INFORMATION SHOWN:
————
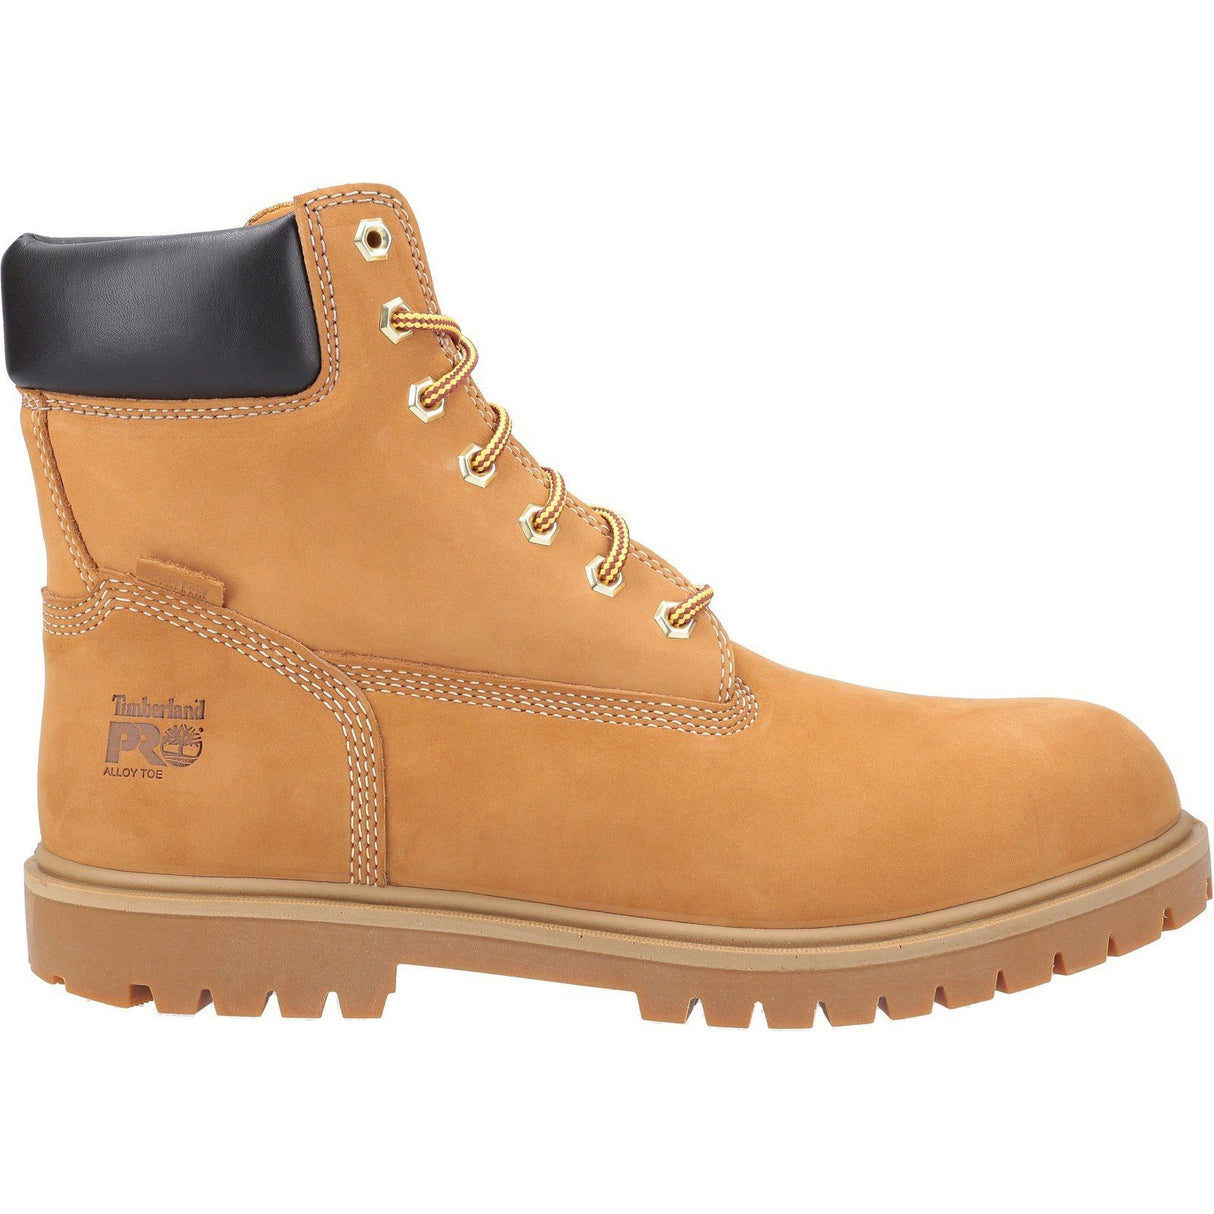 Timberland Pro Iconic Safety Boots
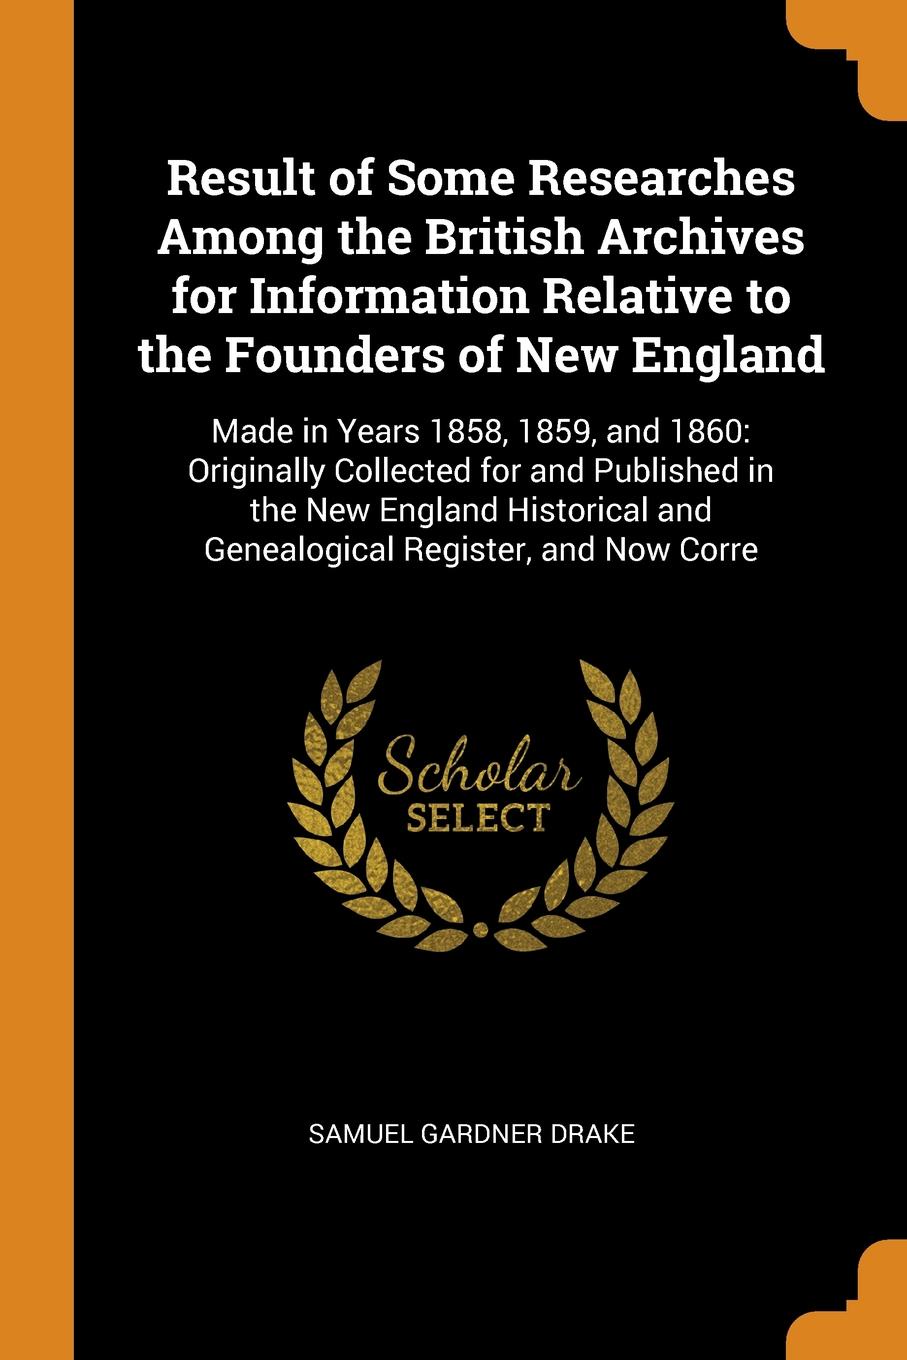 Result of Some Researches Among the British Archives for Information Relative to the Founders of New England. Made in Years 1858, 1859, and 1860: Originally Collected for and Published in the New England Historical and Genealogical Register, and N...
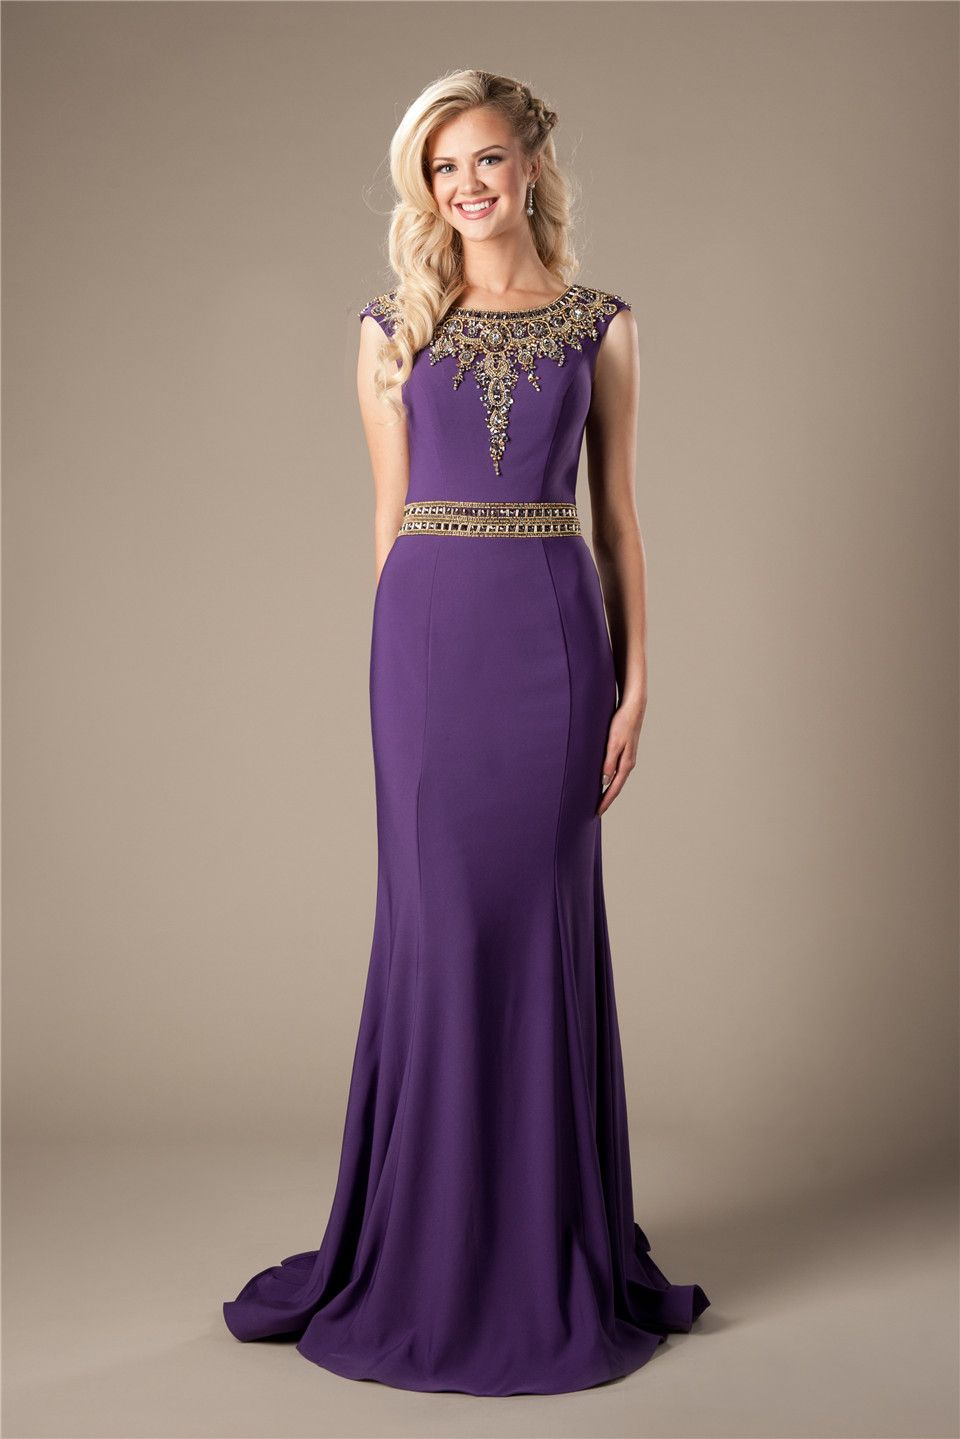 stylish evening gowns
————
WORK TASK: Write out the whole listing exactly. Pictures stay out.

COMPLETED TASK:
 Timberland Pro Iconic Safety Boots
 Result of Some Researches Among the British Archives for Information Relative to the Founders of New England. Made in Years 1858, 1859, and 1860: Originally Collected for and Published in the New England Historical and Genealogical Register, and N...
 stylish evening gowns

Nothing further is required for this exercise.